### DATA FOR THIS TASK
◇ ◇ ◇ ◇ ◇ ◇ ◇
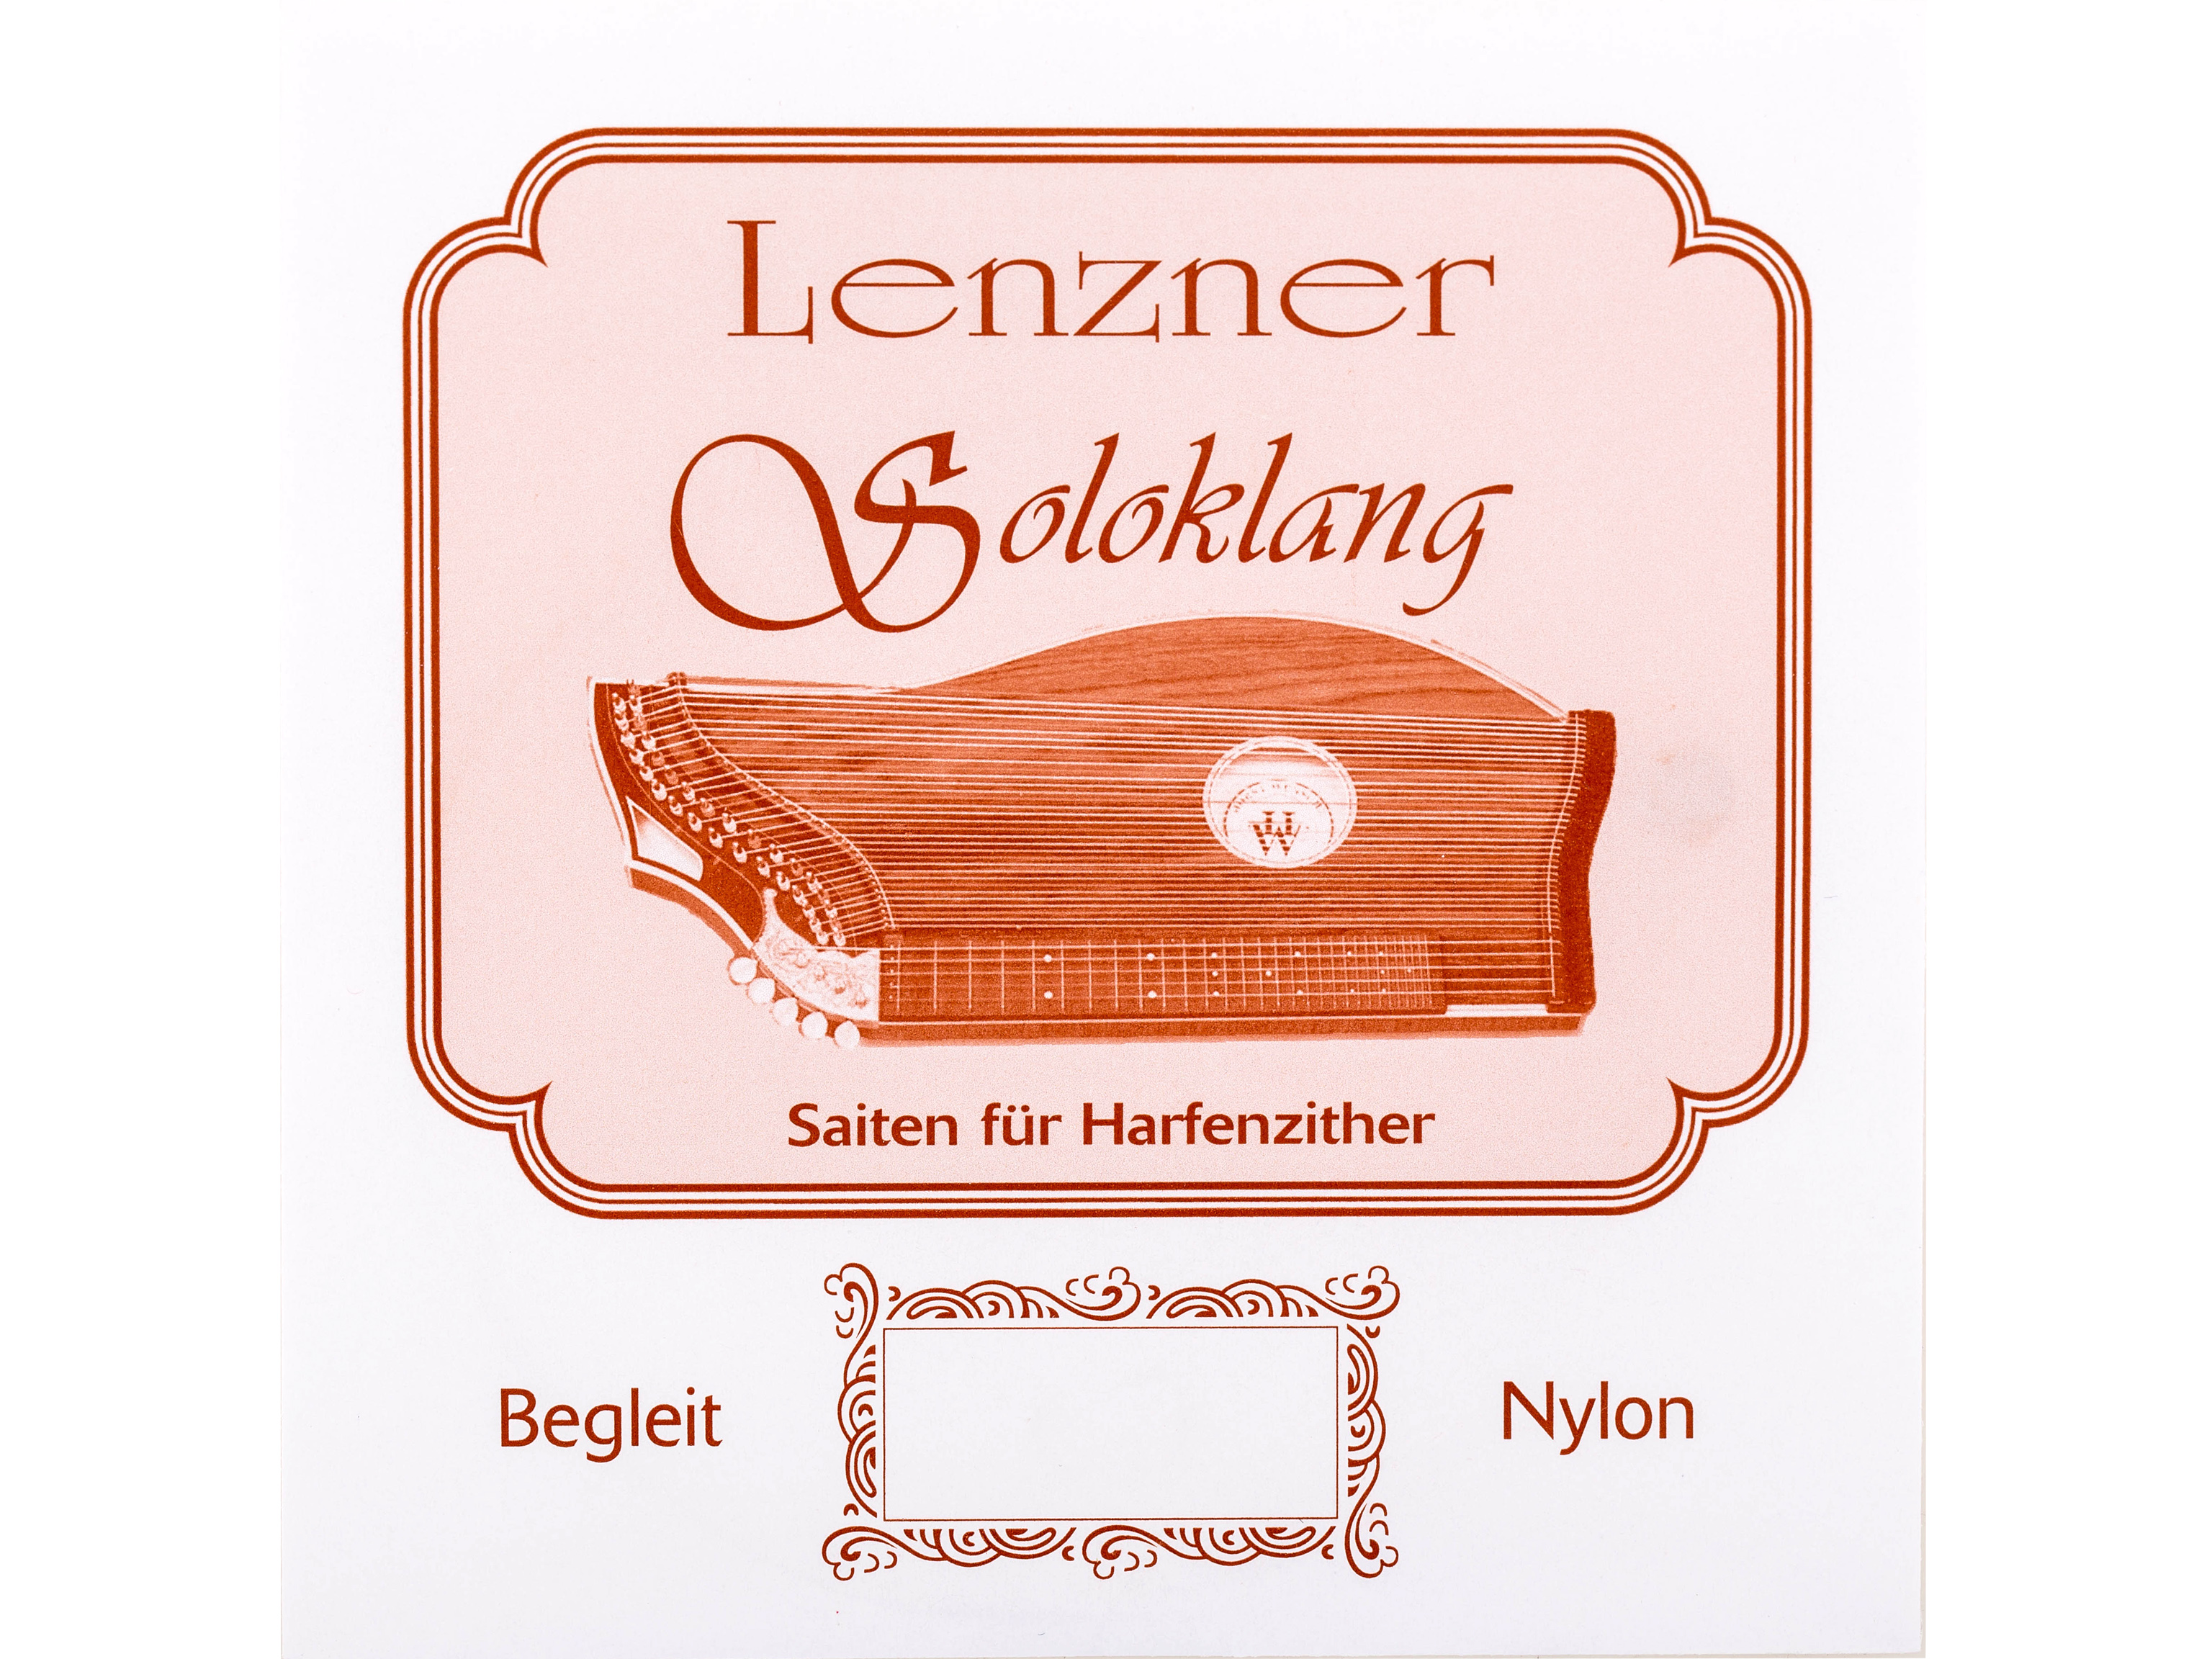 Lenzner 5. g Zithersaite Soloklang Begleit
◇ ◇ ◇ ◇ ◇ ◇ ◇
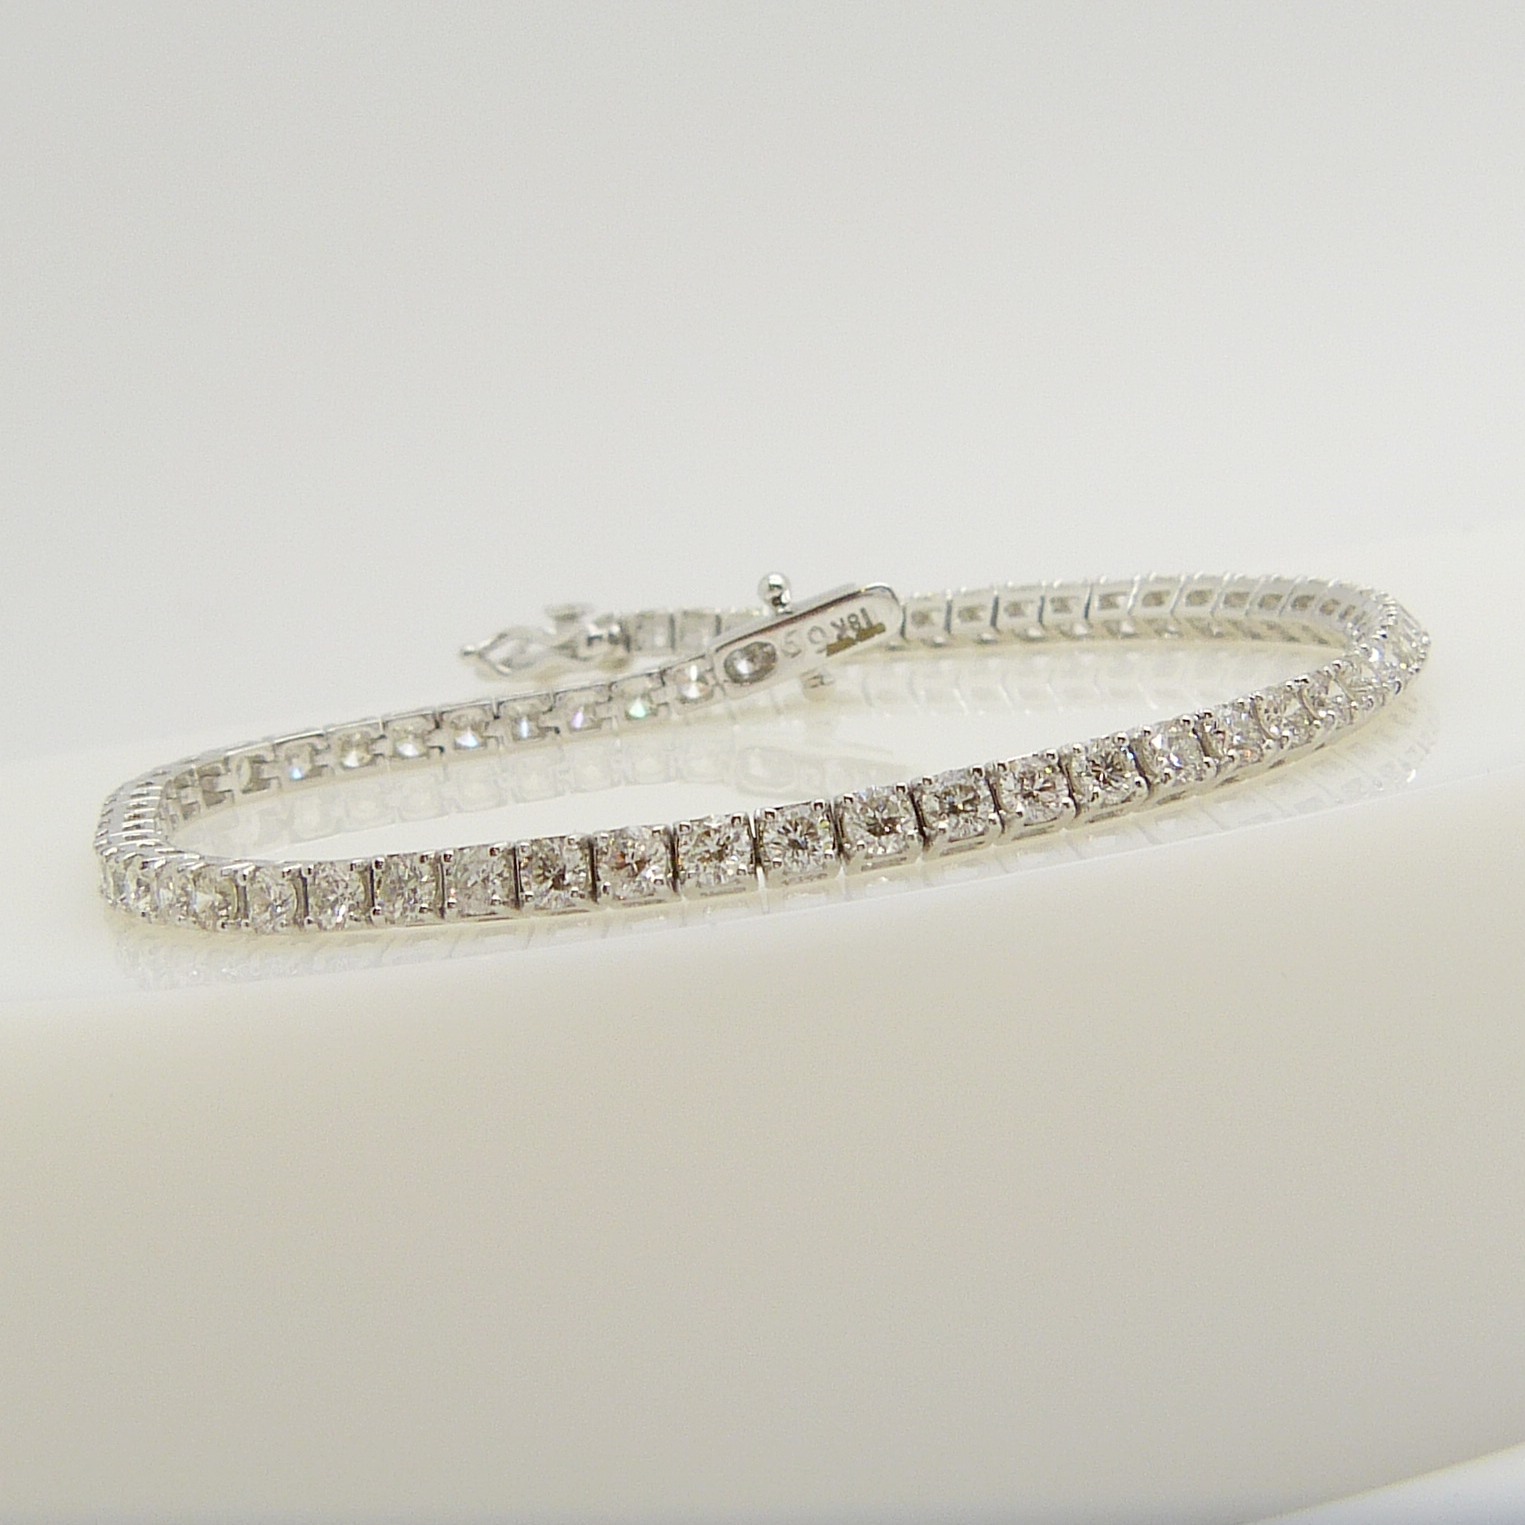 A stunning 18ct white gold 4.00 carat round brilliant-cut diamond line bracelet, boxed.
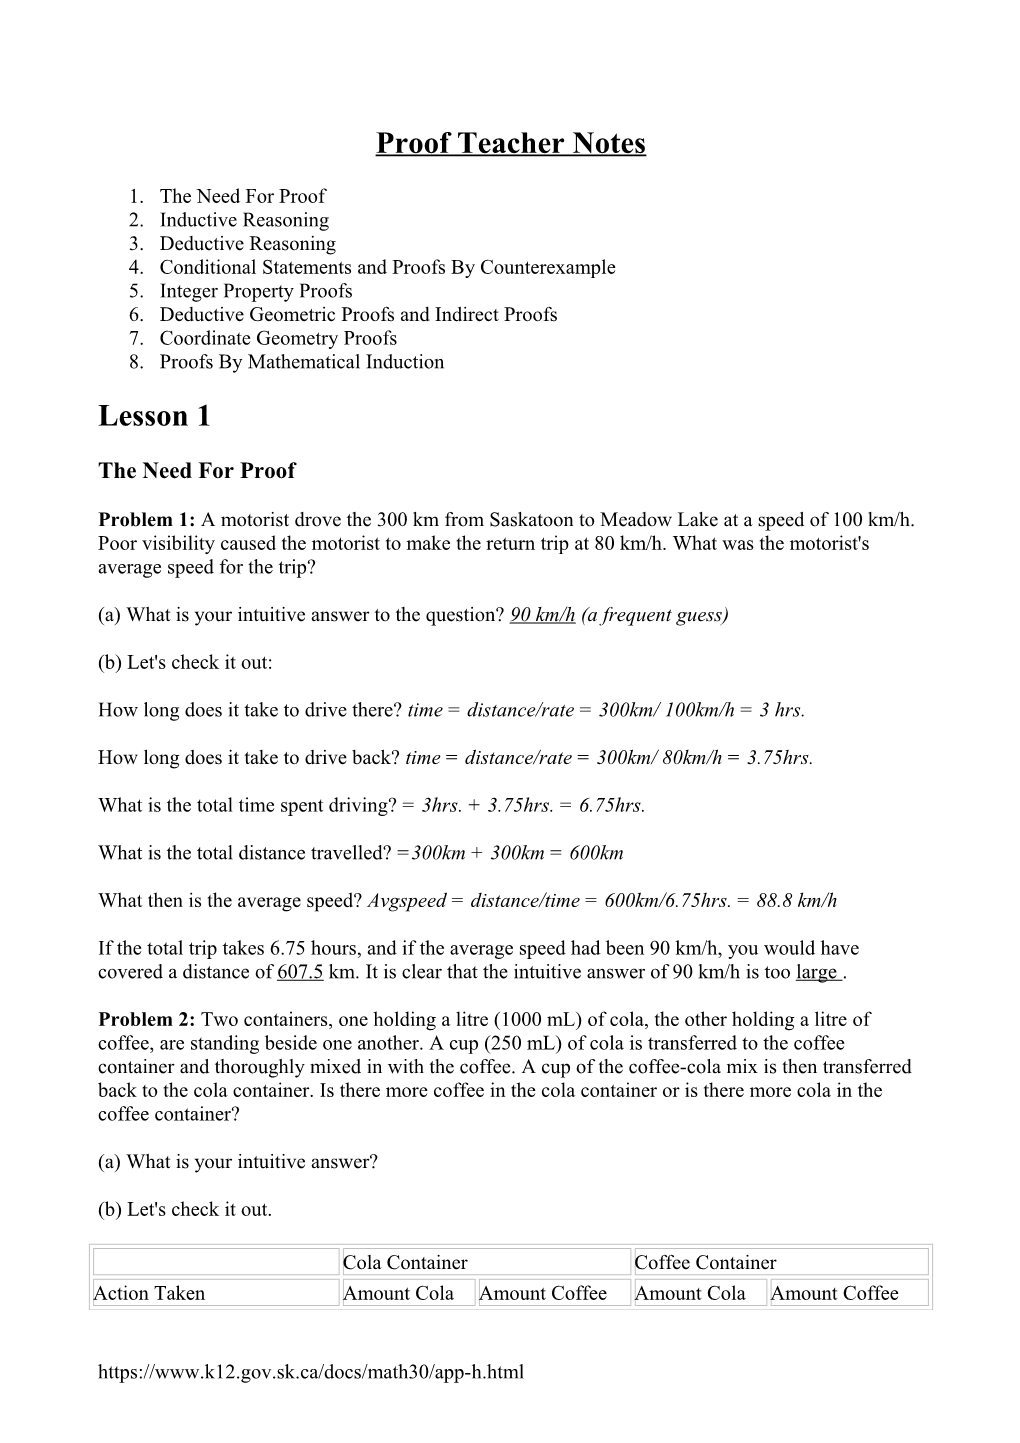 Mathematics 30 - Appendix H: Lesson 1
◇ ◇ ◇ ◇ ◇ ◇ ◇
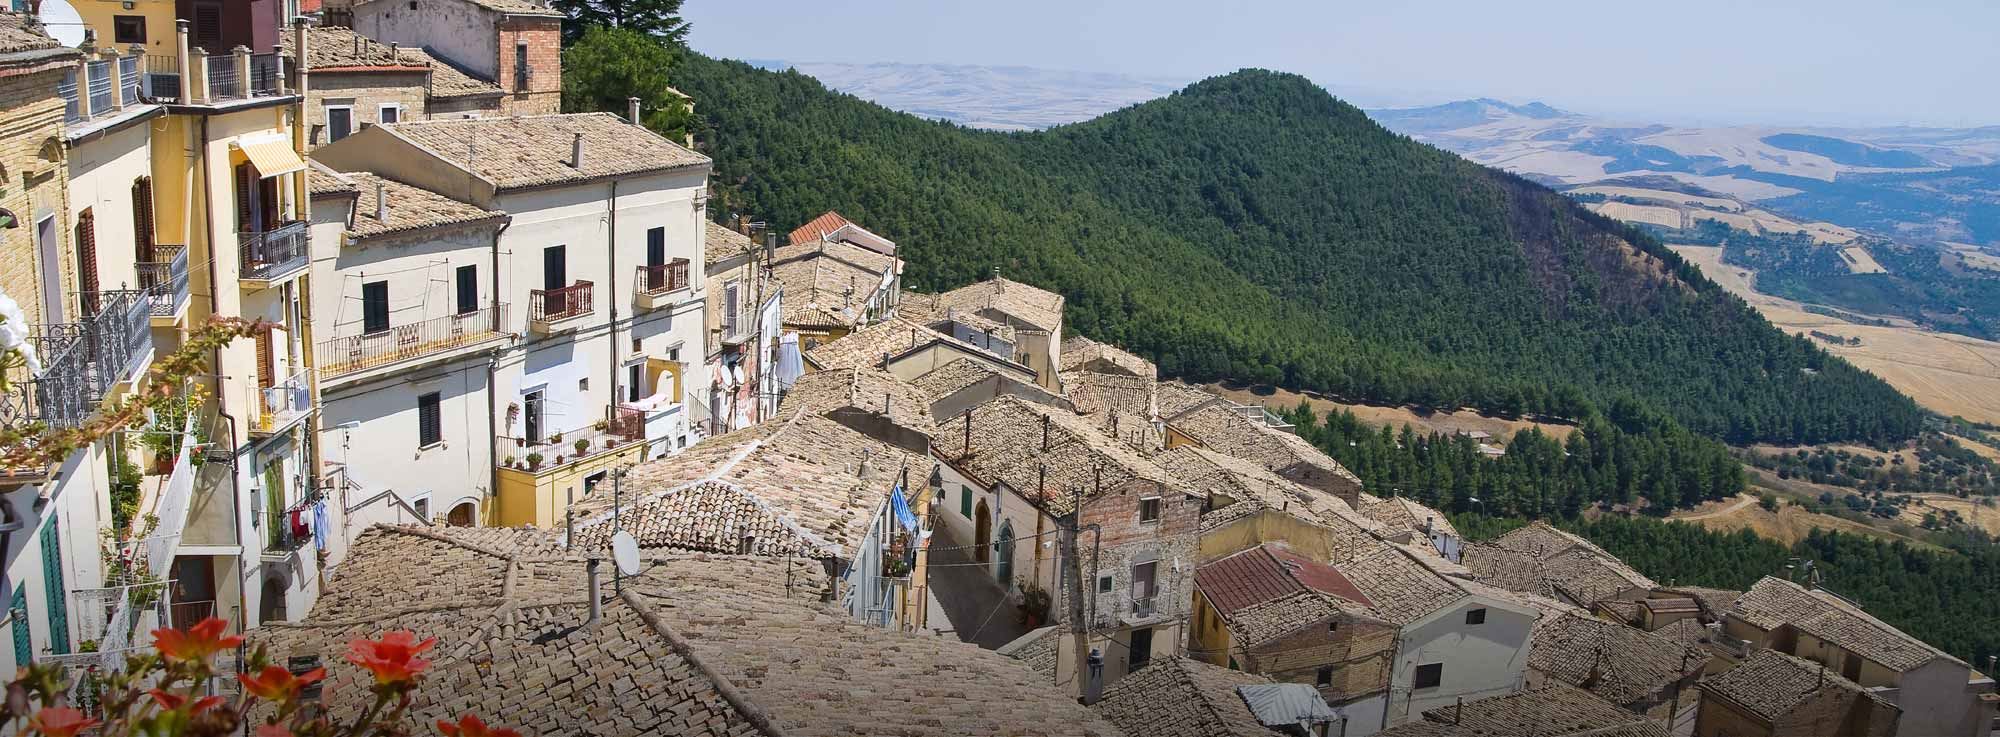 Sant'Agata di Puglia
◇ ◇ ◇ ◇ ◇ ◇ ◇
Lines wanted from the entries above: the one with "A stunning 18ct", the one with "Mathematics 30 - Appendix H: Lesson 1", and all lines between. Please copy them exactly, without the pictures and without anything else.

 A stunning 18ct white gold 4.00 carat round brilliant-cut diamond line bracelet, boxed.
 Mathematics 30 - Appendix H: Lesson 1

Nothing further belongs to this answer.